En l’état actuel de l’enquête, le plus grave semble être le cas de Samy Amimour : ce Français de 28 ans, soupçonné de vouloir partir au Yémen, est inculpé en octobre 2012 pour "association de malfaiteurs terroristes", placé sous contrôle judiciaire. Ce qui ne l’empêche pas de rejoindre, un an plus tard, la "terre de jihad" syrienne.

Cela provoque l’émission d’un mandat d’arrêt international. Malgré ça, il parvient à rentrer en France incognito pour participer, vendredi soir à Paris, aux attentats.

"On a un souci de contrôle aux frontières Schengen, et un gros", assure à l’AFP Alain Chouet, ancien chef du service de renseignement de sécurité à la DGSE (services de renseignement extérieurs). "Son arrivée aurait dû provoquer la levée d’un drapeau rouge.
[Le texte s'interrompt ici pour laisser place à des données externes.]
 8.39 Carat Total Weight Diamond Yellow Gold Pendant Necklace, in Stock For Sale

Mais ces gars maîtrisent bien les techniques d’entrée et de sortie de Schengen, pour l’avoir beaucoup pratiqué".

"S’il a pris soin de ne pas rentrer par une frontière française, personne ne l’a vu. S’il rentre par la Belgique, par exemple par un vol low-cost à Charleroi… Allez-y à Charleroi, vous verrez les contrôles", ajoute-t-il.

Autre problème : un autre tireur de la salle de spectacles Bataclan, Omar Ismaïl Mostefaï, avait d’une part attiré dès 2010 l’attention des services français, qui avaient émis à son encontre une fiche S ("sûreté de l’État"), et avait d’autre part été, selon Ankara, signalé deux fois à Paris pour son appartenance à la mouvance jihadiste.
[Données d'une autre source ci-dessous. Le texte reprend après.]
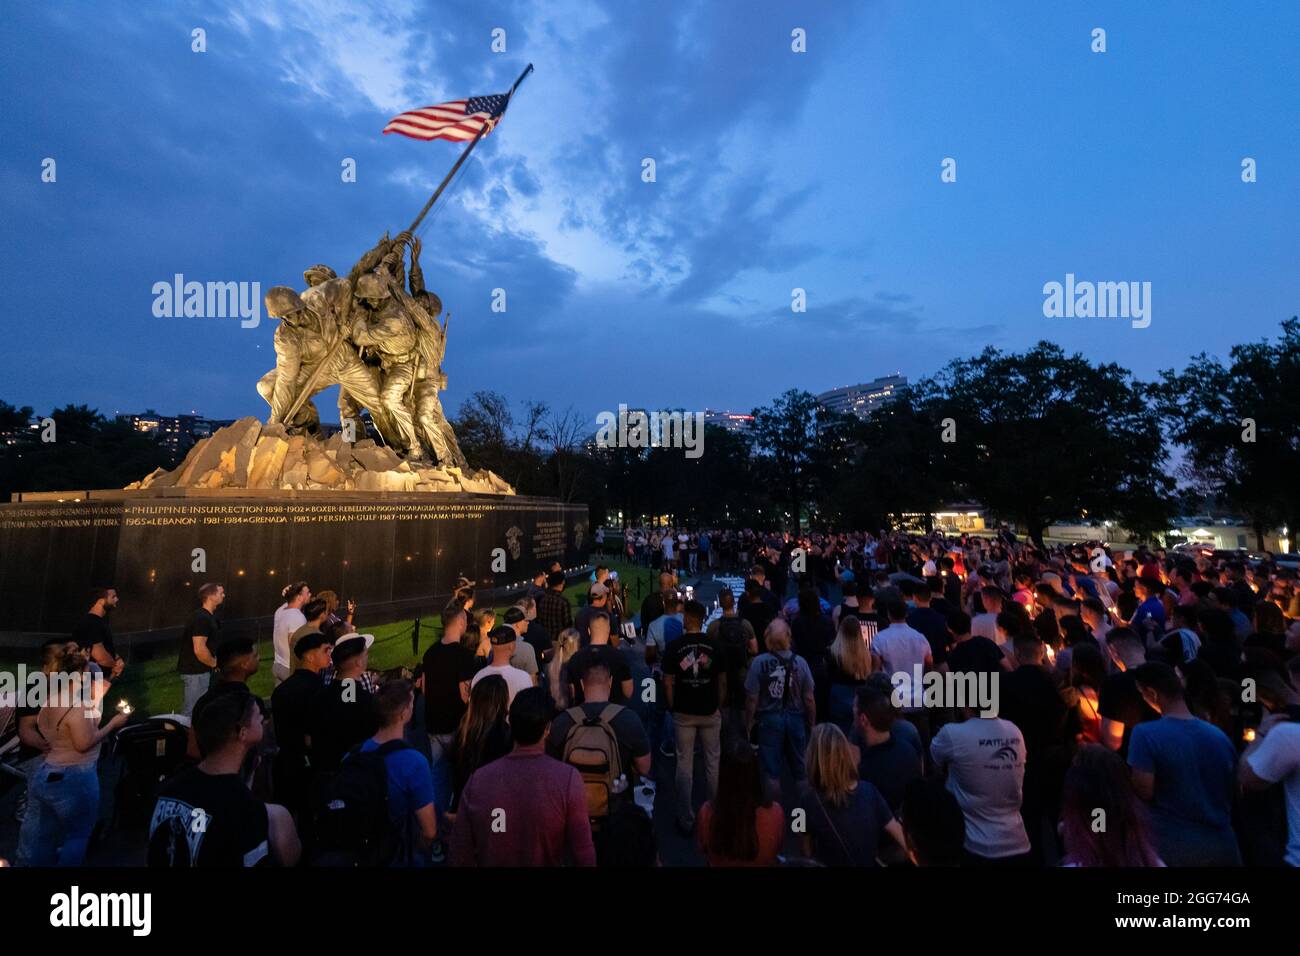 A large group of people gather at the United States Marine Corps War Memorial for a candlelight vigil, Saturday, Aug. 28, 2021, in memory of the 11 Marines, one Navy Corpsman and one U.S. Army Soldier who lost their lives on Aug. 26, 2021, during an attack in Kabul, Afghanistan. (U.S. Marine Corps photo by Staff Sgt. Kelly L. Timney) Stock Photo

La police turque "a informé la police française en décembre 2014 et janvier 2015" à son propos (il était entré sur le territoire turc en 2013, pour ensuite certainement rallier la Syrie), et "nous n’avons jamais eu de retour de la France", a affirmé lundi à l’AFP un responsable turc.

D’autres membres du commando, installés en Belgique, étaient connus par ailleurs de la police belge. "Vous comprendrez bien que si les Belges ne nous préviennent pas, ici on ne peut rien faire", confiait lundi à l’AFP une source policière.

"Ça m’empêche de dormir"

Ces faisceaux d’indices, ces signalements, ce mandat d’arrêt international auraient dû constituer les points d’un schéma qui, en les reliant, auraient pu conduire les enquêteurs, en France ou en Belgique, à passer à l’action contre cette cellule avant qu’elle n’ensanglante Paris.

"Il y a trois hypothèses", explique à l’AFP un ancien spécialiste du contre-terrorisme à la DGSE, sous couvert d’anonymat. "Soit personne n’a rien vu, et c’est un gros souci; soit on a vu des trucs et on ne les a pas compris, ce qui est aussi un problème; soit on a vu des trucs et malgré tout l’équipe a pu passer à l’action".

"On a peut-être raté la phase de préparation terminale, celle où les types disparaissent dans la nature. Dans les trois cas, c’est très embêtant. Ça veut dire qu’on a soit un problème de renseignement, soit d’analyse du renseignement soit de chaîne de commandement dans les services. C’est accru par le fait que ça se passe en partie en Belgique", ajoute-t-il.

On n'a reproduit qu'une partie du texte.